Double-digit net premium growth and favorable loss development were among the headlines of the second-quarter earnings report for Navigators Group, as its bottom line net income grew 35 percent, the company reported last night.

The New York-based company reported net income of $24.4 million, or $1.44 per share for the second quarter, compared with $18.1 million, or $1.08 in second-quarter 2006.

Highlights of the second-quarter 2007 earnings report included:

o A 10 percent increase in gross written premiums to $276.5 million, and a 25 percent jump in net written premiums to $161.4 million.

o A 24 percent rise in pre-tax net investment income to $17.3 million.

o A pre-tax underwriting profit of $19.9 million, translating to a combined ratio of 86.4, up from $14.9 million, or a combined ratio of 87.0 in second-quarter 2006.

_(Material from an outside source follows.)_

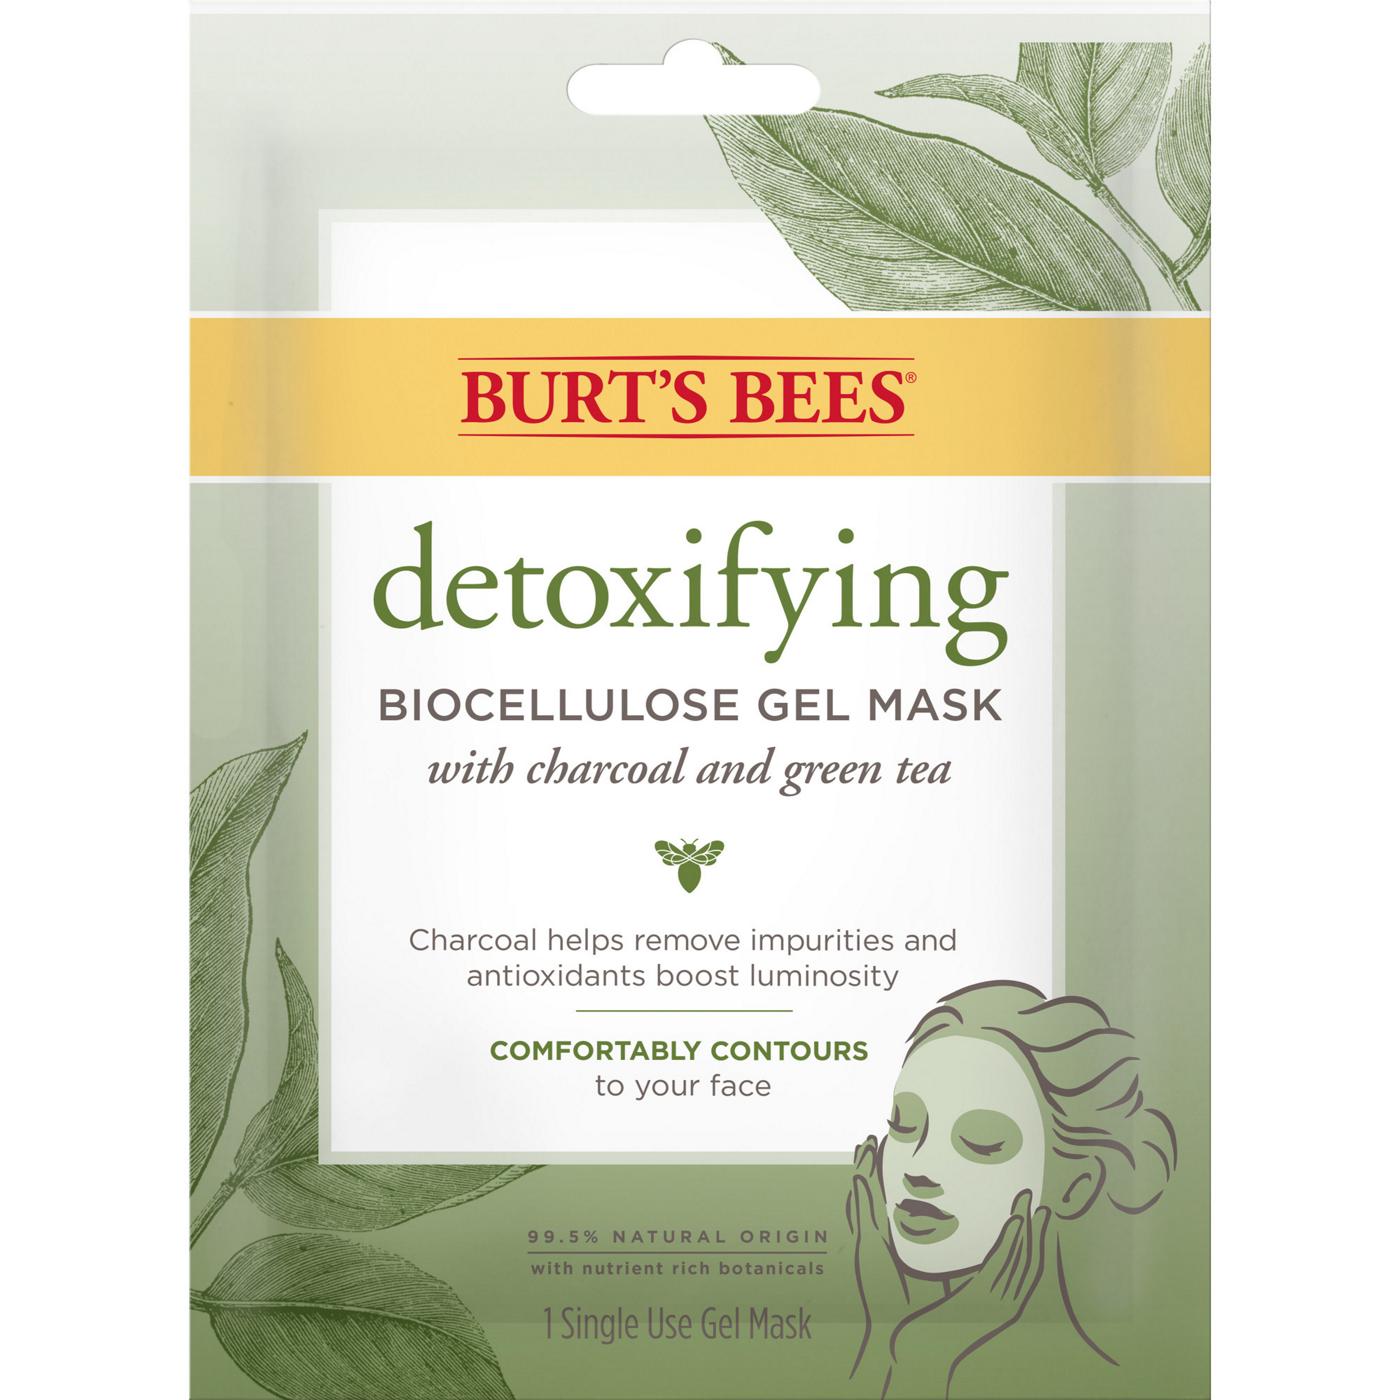 Burt's Bees Detoxifying Biocellulose Gel Mask with Charcoal and Green Tea; image 1 of 6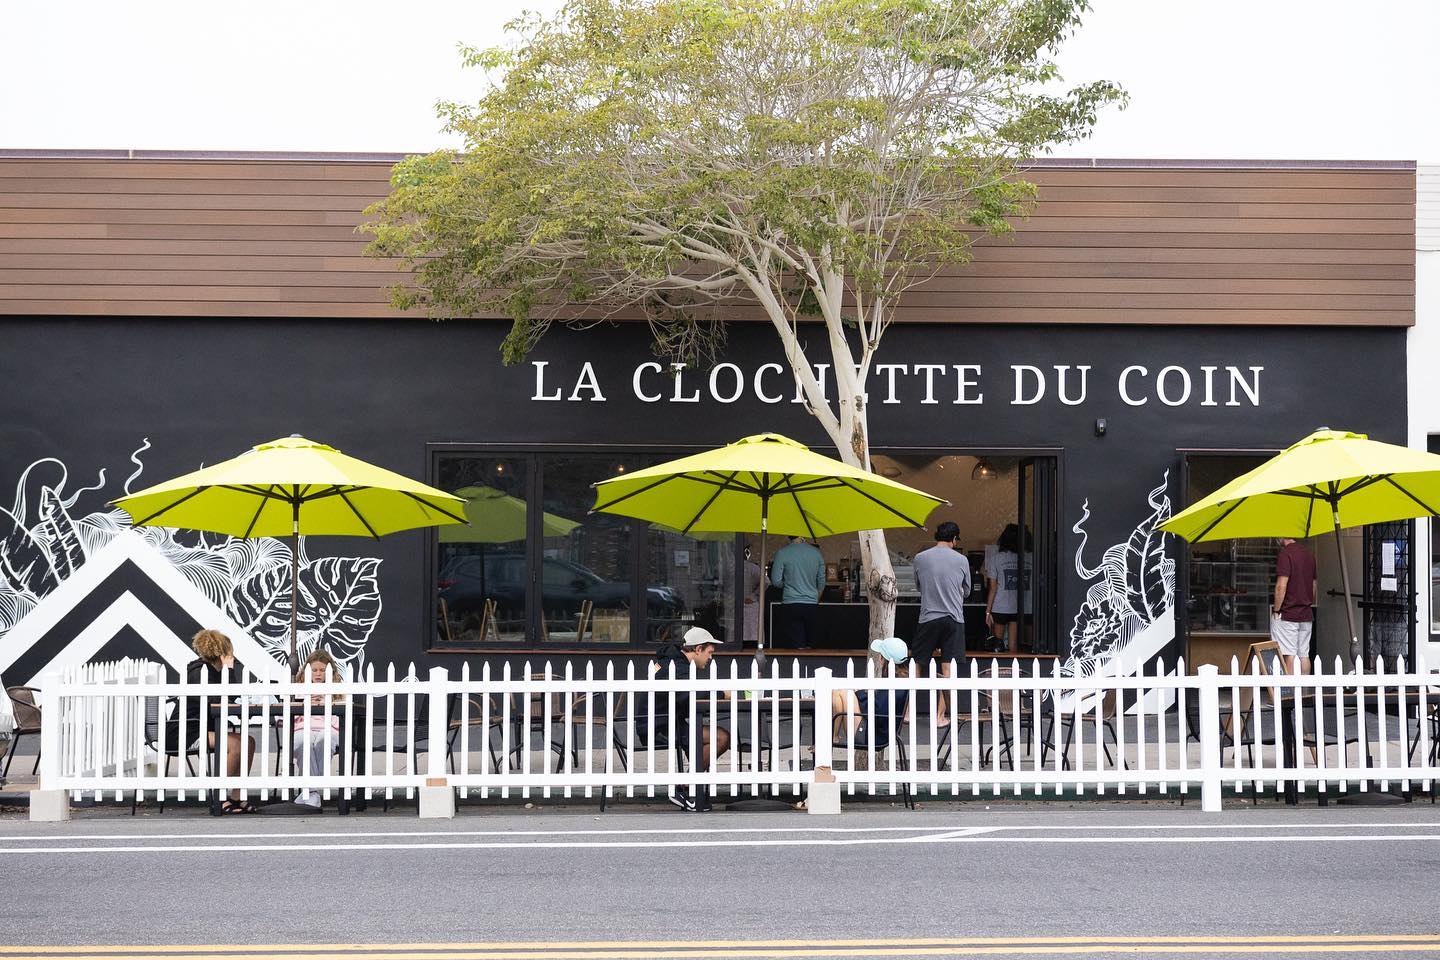 La Clochette French restaurant opening a new location in Mission Valley, San Diego

Contributing to second-quarter 2007 underwriting profit was $10.6 million of favorable loss development for prior years, which took 7.3 points off the overall combined ratio. The comparable figure for favorable prior-year development recorded in second-quarter 2006 was $2.9 million.

During a conference call this morning, Stan Galanski, Navigators' chief executive officer, commented on premium growth in the quarter. He noted that the company's U.S. excess and surplus lines business unit, Navigators Specialty, which accounts for roughly 35 percent of overall gross premiums written, had the most significant growth rate--vaulting 36 percent to $98 million.

"While the E&S world has certainly become more competitive, it is a large and segmented market [that is] still ripe with opportunities for savvy, disciplined underwriters," he said. He added that within the E&S world, Navigators has grown through a combination of being selective about the business it captures and developing new business units in recent years.

"Growth in itself is not difficult to achieve, if you're willing to cut prices and abandon discipline. We are not that type of insurer," Mr. Galanski said.

Giving an example of the company's ability to be selective about garnering profitable business, Mr. Galanski noted that within the specialty unit's core business area--California contractors liability--underwriters are putting renewed emphasis on small artisan contractors in the repair-and-remodel segment of the market while reducing emphasis on the commercial contractors segment, where the company believes rates are inadequate.

In addition, he said that new units, like a primary casualty unit started up last year in Chicago to write construction business east of the Rockies, as well as habitation and products liability business, put $8 million of business on the books "that we simply didn't have last year."

Similarly, an excess casualty unit started up three years ago posted $18 million of gross premiums in the quarter.

In other areas, such as marine businesses in Navigators' U.S. and Lloyd's operations, market conditions dictated premium drops, with overall gross premium falling nearly 12 percent in the quarter to $123.8 million.

Professional liability, on the other hand, experienced 19 percent growth in gross written premiums, with Lloyd's operations doubling their volume to $10.5 million and other operations relatively flat at $24.4 million.

Mr. Galanski also explained that while gross premiums grew only 10 percent in the second quarter, net premiums jumped 25 percent as the result of a strategy to retain more business as the group's policyholder surplus has grown.